The Cartwright plat of Block 37 according to which the assessment was made was as follows:

[838]*838Certificate No. 57 for $181.79 was assessed against Lot 7, and certificate No. 58 for $858.78 was assessed against Lots 8, 9, 10,. 11, and 12, the two certificates thus covering the south half of the block from Cartwright Avenue north to the alley. Mrs. Oldham, owner of the entire block, replatted it nearly two years before the assessment was made or any proceedings begun therefor. Her plat of the block was as follows:

This replat was dated October 10, 1928, and contained the following approval of the city authorities:

“This is a satisfactory arrangement and fits up with present streets as expected to conform with present conditions and future developments. Approved:
“City Engr. R. C. Black
“Mayor E. W. Gross
“Com. Ross Combest
“Com. J. Appling”

The plat was filed with the county clerk of Jefferson County, January 22, 1929, and recorded two days later in the plat records of the county. With the exception of describing the property according to the Cartwright plat instead of the Oldham re-plat, the proceedings for assessing Mrs. Oldham’s property appear to have been in every respect regular and in accordance with the charter of the City of Beaumont. She had notice of the proceedings for assessing the property, but made no appearance to offer any protest. After the certificates were issued 'to the Broussard-Warfield Company, she made several payments of interest and installments of principal. In 1931 she obtained from the Broussard-Warfield Company a release of the paving lien as to Lot 7 and the W ½ of Lot 8 according to the Cartwright plat, she having sold the property. This suit was filed against Mrs. Oldham and her husband October 17, 1932, seeking judgment for balance alleged to be due on the two certificates, also for $150 attorney’s fees, and foreclosure of paving lien on all of the property except the lot and one-half previously released. An answer and amended answer were filed by defendants pleading generally, and then on August 29, 1938, they filed their second amended answer wherein they raised for the first time the invalidity of the certificates. On a trial to the court the trial court entered judgment denying the plaintiffs any recovery. The trial court filed findings of fact and conclusions of law wherein he found that certificate No. 57 had been paid in full and the lien released, and also: “It is my further conclusion that the assessment under certificate No. 58 is invalid because of inclusion of property not abutting on Cartwright Avenue on which street the improvements were made, and because of imperfections of description resulting from failure to conform to the replatting of the Block 37. The assessment being invalid, the certificate No. 58 will not support the claim of lien asserted nor a claim of personal liability.”

Opinion

We think the assessment 'was sufficient to fix the personal liability of Mrs. Old-ham and create a valid lien against the lots comprising the south half of Block 37 according to the Cartwright Addition plat. The assessment was not rendered void by reason of the fact that it was made according to the Cartwright plat instead of the Oldham plat. Mrs. Oldham owned all of the property involved.
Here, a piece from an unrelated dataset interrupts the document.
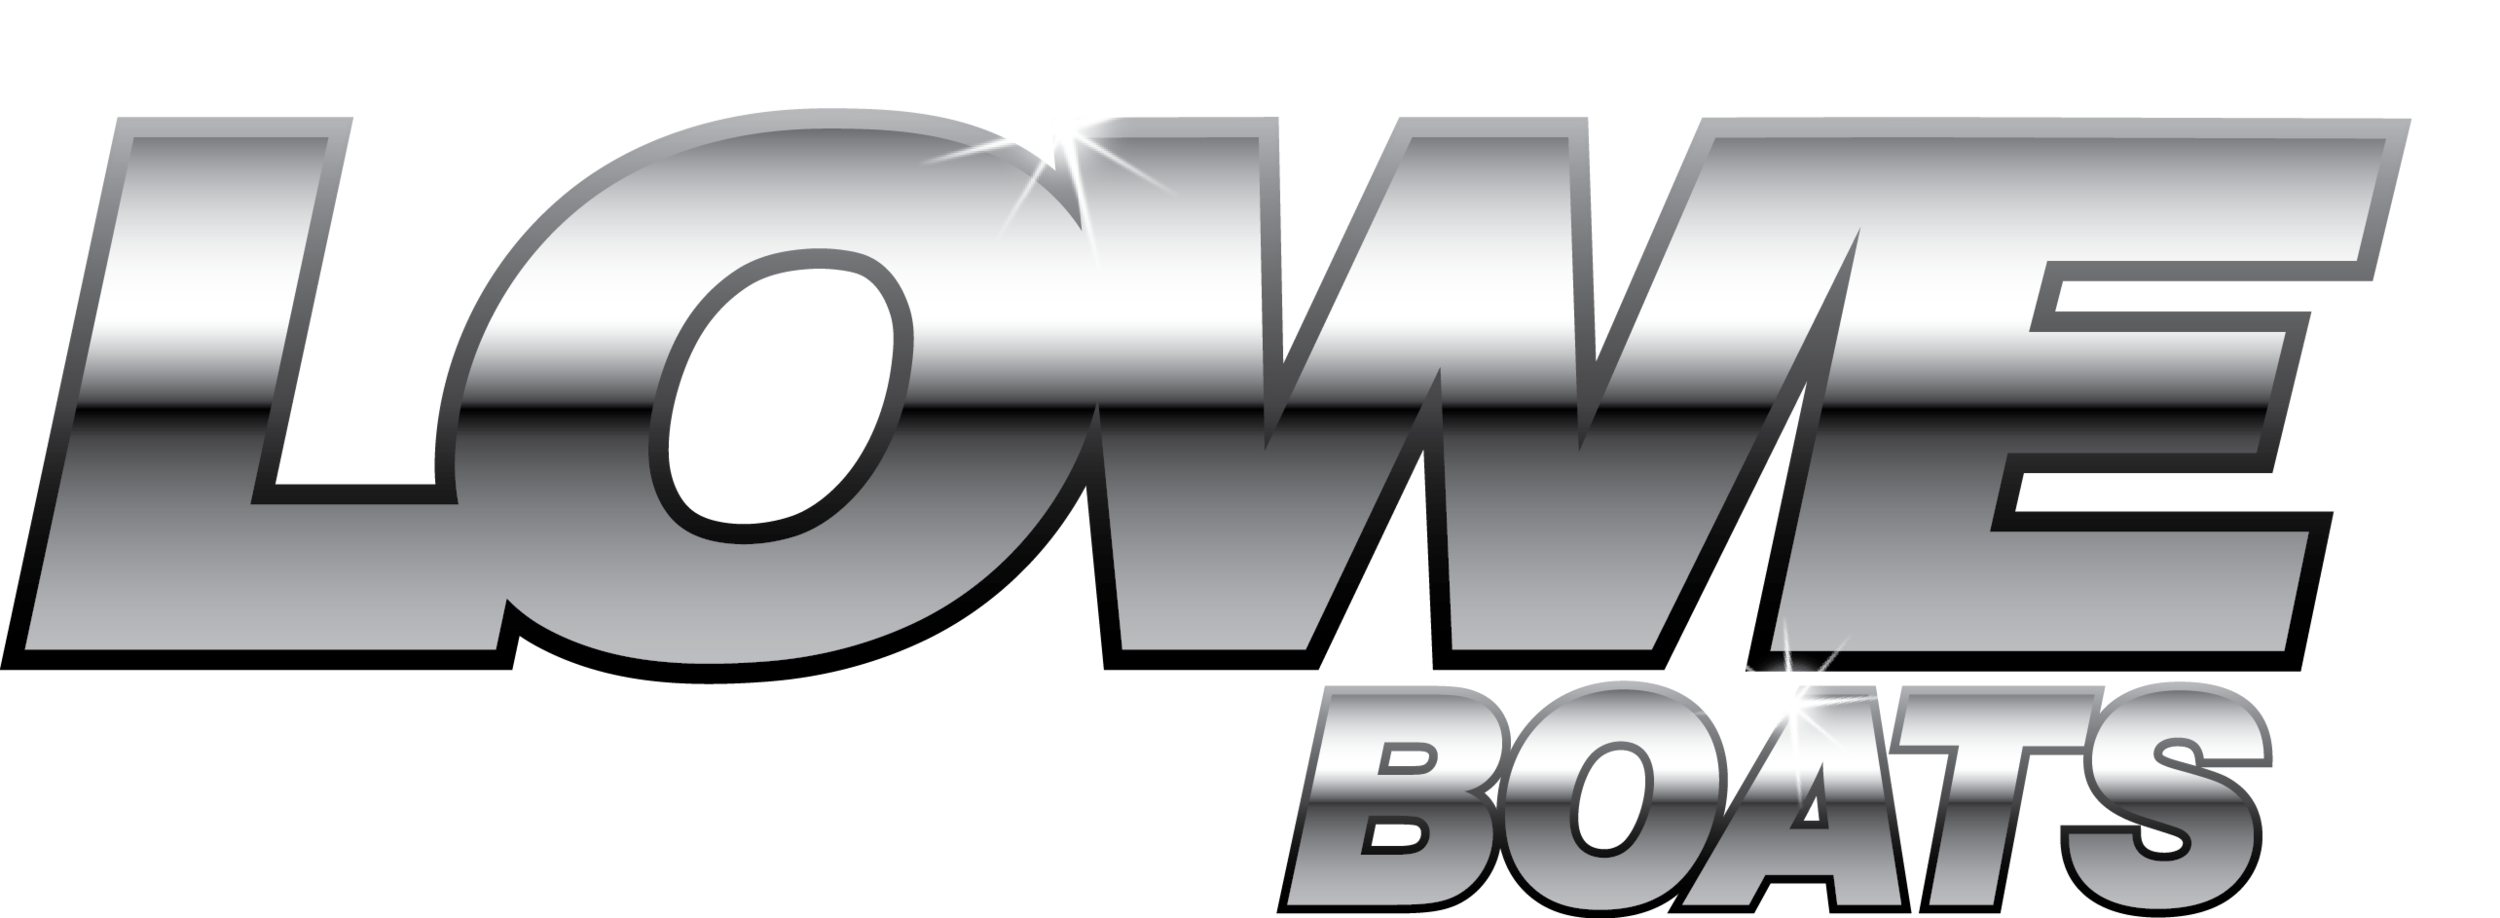 Lowe_Boats_Logo.png

The assessment as made shows clearly what property was meant to be assessed. The reference to the Cartwright plat located it definitely. There is nothing to suggest that the assessment was not a just and fair apportionment of paving costs as between Mrs. Oldham’s property and that of other owners similarly situated. Stipulation of the parties shows that a number of blocks facing on the north side of Cartwright Avenue were assessed for paving that street according to the Cartwright plat, each block being of the same size and having identical arrangement of lots as Mrs. Oldham’s block. In replatting the block she did not dedicate any portion of the property to the city or the public, nor put the property or any part of it to any use prior to the assessment inconsistent [839]*839with the intrinsic fairness of an assessment of benefits based on the Cartwright plat. She made no protest when the assessment was made, but was apparently satisfied and thereafter made payments on the certificates. Even here she does not attempt to raise any question that her replat of the block so changed the situation of her property as to affect the intrinsic fairness and equity of the assessment.
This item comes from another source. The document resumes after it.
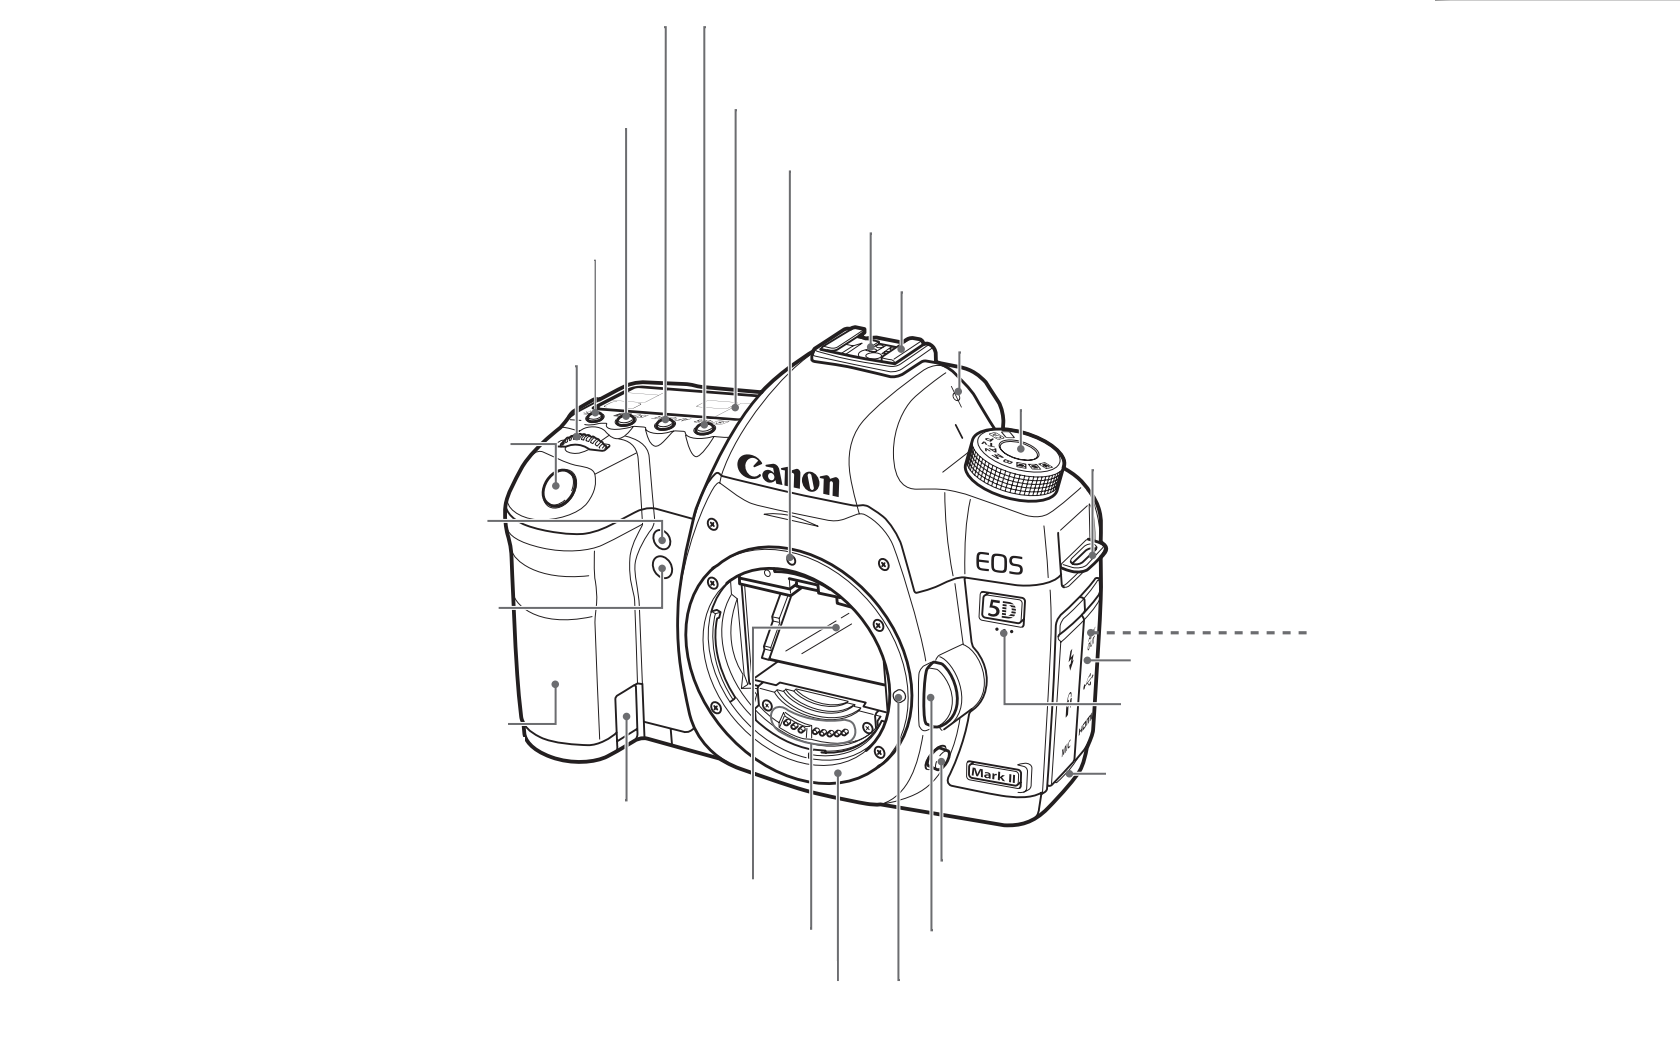 camerafrontWHITE

But the appellees contend that the assessment as made was void because Lots 7, 8 and 9 named in the assessment faced upon Corley Avenue according to the re-plat which had already been made and could not be assessed at all because they did not abut on Cartwright Avenue for the paving of which the assessment was made. Also, according to the replat there is a Lot 13 and Lots 3, 4 and 5 which would be affected, but which were not named in the description incorporated in the assessment. In support of their contention that the assessment so made was void, the ap-pellees cite the following cases. Cox v. Thurber Brick Company, Tex.Civ.App., 86 S.W.2d 849; Thurber Brick Company v. Johnson, Tex.Civ.App., 120 S.W.2d 839; Uvalde Rock Asphalt Company v. Warren, 127 Tex. 137, 91 S.W.2d 321, 104 A.L.R. 1043; El Paso Bitulithic Co. v. Neill, Tex.Civ.App., 266 S.W. 593. We think these cases are clearly distinguishable on the facts. It will be seen from a reading of the authorities cited that the assessments there under consideration included in the one unit of assessment property not owned by the person assessed or property which he did own but which because of its location was not assessable for the particular improvement. An assessment so made does not fix either a personal liability against the person assessed as owner or a lien against his property. The entire assessment is void. But such invalidity does not arise from an erroneous or imperfect description of the property.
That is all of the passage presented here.